Bellevue Gold Ltd’s (ASX:BGL) recent infill drilling at its namesake project in WA returned up to 1-metre at 1,169 g/t gold from 100 metres with the likelihood of boosting a mid-year resource upgrade at the project.
While the 1-metre result was returned from Bellevue North, one of the peripheral lodes, there were also a host of ‘exceptional’ results from the Deacon lode, which accounts for 41,000 ounces at 12.3 g/t gold of the 2.2-million-ounce inferred resource.
Canaccord Genuity reiterated its SPEC BUY rating for Bellevue after reviewing the new high-grade hits. The broker has a target price of $1.35 per share (current price: 85 cents).
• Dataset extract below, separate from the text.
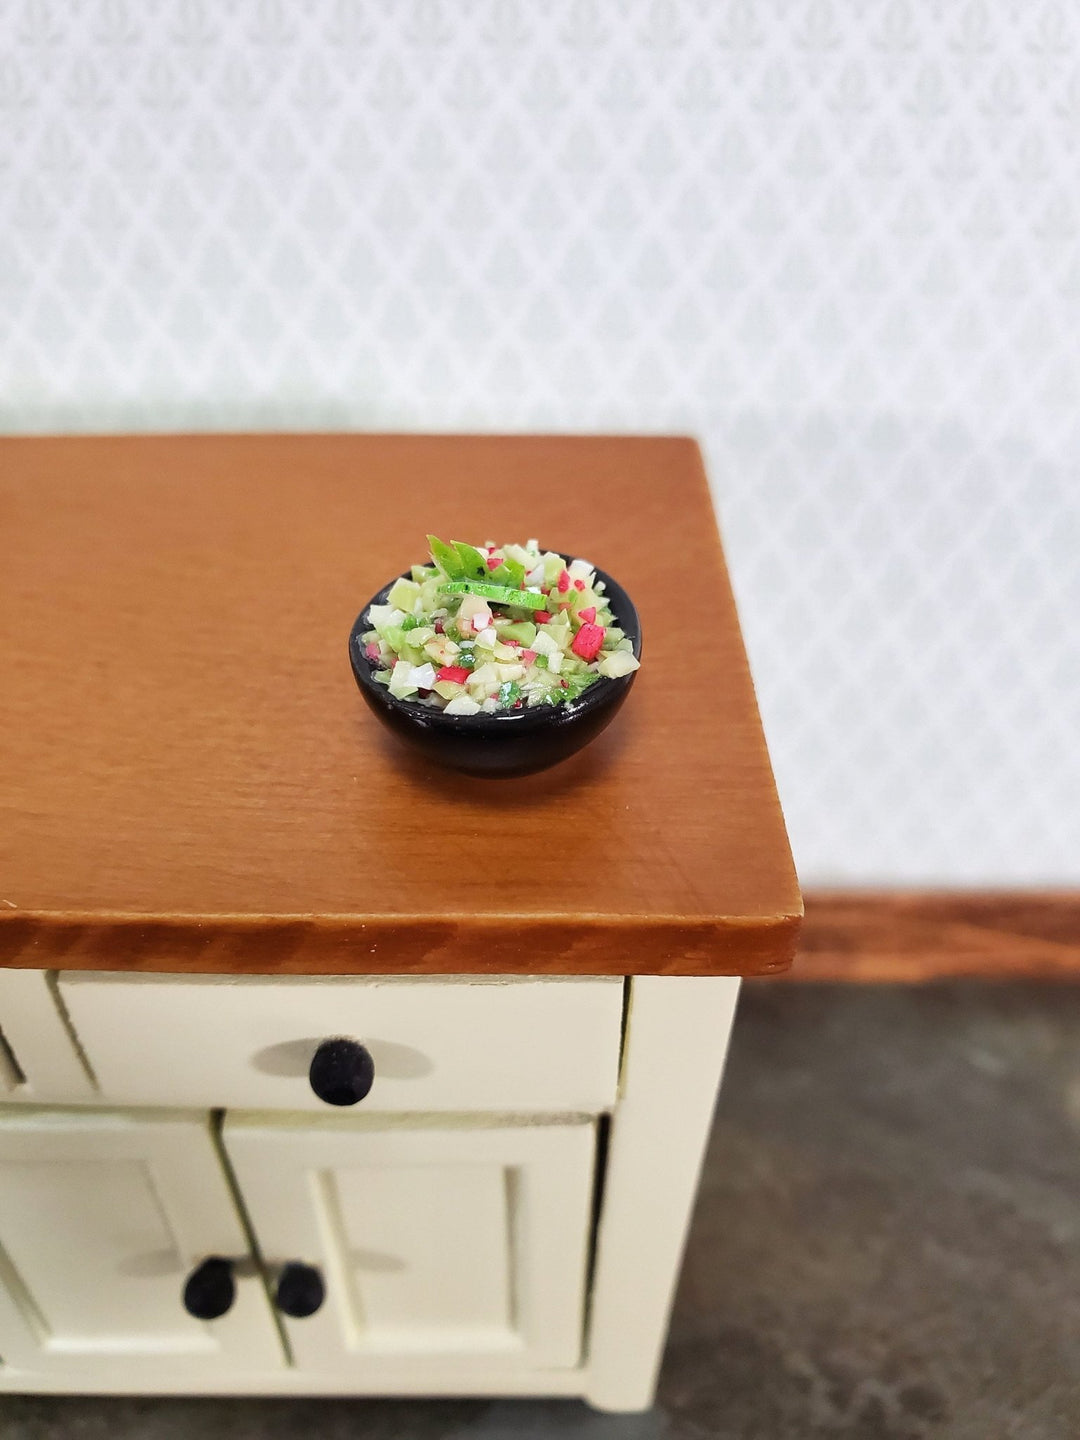 Miniature Bowl of Guacamole Salsa with Lime Slice 1:12 Scale Dollhouse Food - Miniature Crush

The following is an extract from Canaccord’s research update:
Deacon infill results confirm its development merit, in our view. Infill drilling at Deacon (Inferred Resource of 410koz at 12.3g/t) confirms the lode as a repeat of the historic Bellevue mine. Best results from the Central Area infill program (now drilled on 40m centres) include:
- 5.3m at 54.5 g/t gold from 650.9m
- 1.5m at 168.8 g/t gold from 651.7m including 0.5m at 499.1 g/t gold
- 2.5m at 49.2 g/t gold from 527.8m • 10.3m at 10.7 g/t gold from 566.9m
- 4.3m at 9.1 g/t gold from 701.9m • 2.6m at 10.0 g/t gold from 626.0m
- 1.64m at 48.0 g/t gold from 640.0m • 3.3m at 22.5 g/t gold from 618.1m
Our key takeaway from the update is that the latest Deacon infill results will be included in the maiden Indicated Resource planned for mid-year. We had not assumed any of the Deacon orebody making it into maiden Indicated Resource, which we believe on inclusion, should see the company eclipse our previous estimate of 400-500koz at 8-10g/t comfortably. In looking at the long section of Deacon (here), infill drilling looks to us to have covered 40-50% of the existing Inferred Resource, and with grades holding consistent with previous drilling, we think Deacon should add material ounces to the updated Resource. As such, we revise our maiden Indicated Resource estimate to 550-650koz at 8-10g/t, and continue to see good scope for this to grow to ~1Moz by the end of 2020E (total Inferred Resource 2.2Moz at 11.3g/t).
We also note that a number of drill holes outside the existing Resource at Deacon to the north were reported recently (including 3m at 12g/t, 1m at 12.6g/t, 4.5m at 7g/t, 0.4m at 26g/t), which in our view could double the strike length of the defined mineralisation. A number of EM conductors to the north and south will be tested as part of the current step out program, which in our view supports Deacon emerging as having ~1Moz potential. With a growing critical mass and favorable geometry for mining, Deacon should become an important part of a production scenario for BGL and a key component of the Economic Studies (begin 2H 2020). We also note that Deacon sits <350m from existing underground infrastructure at Bellevue (currently being de-watered), and note that access via a development drive would be modest (CG est. <$3m).
De-watering progressing well. The company also provided an update on de-watering of the historic Bellevue mine, where the water level is now down to 200m below surface. Geotechnical, metallurgical and mining studies are all well advanced with inspections up to the water level indicating “the underground infrastructure to be in good condition and suitable for refurbishment and re-entry”. Access to the underground is significant for BGL for two key reasons, in our view:
- Drilling from underground should allow BGL to drill at twice the rate and at a significantly lower cost than drilling from surface. BGL flagged that tender evaluations are underway in preparation for a planned underground re-entry in SepQ’20, to allow access to underground diamond drill cuddies for Resource drilling programs.
- Based on the ~28km of exiting underground workings, there is ~A$200m of development within the existing underground. BGL expects the infrastructure to play a key role in minimizing capital costs and expediting the timeline to bring the deposit back into production.
Valuation and recommendation. Our A$1.35/sh TP is based on a DCF analysis (NPV10%) for the Bellevue gold project, plus nominal exploration value, diluted for future assumed project equity financing and net of corporate adjustments. SPEC BUY rating maintained.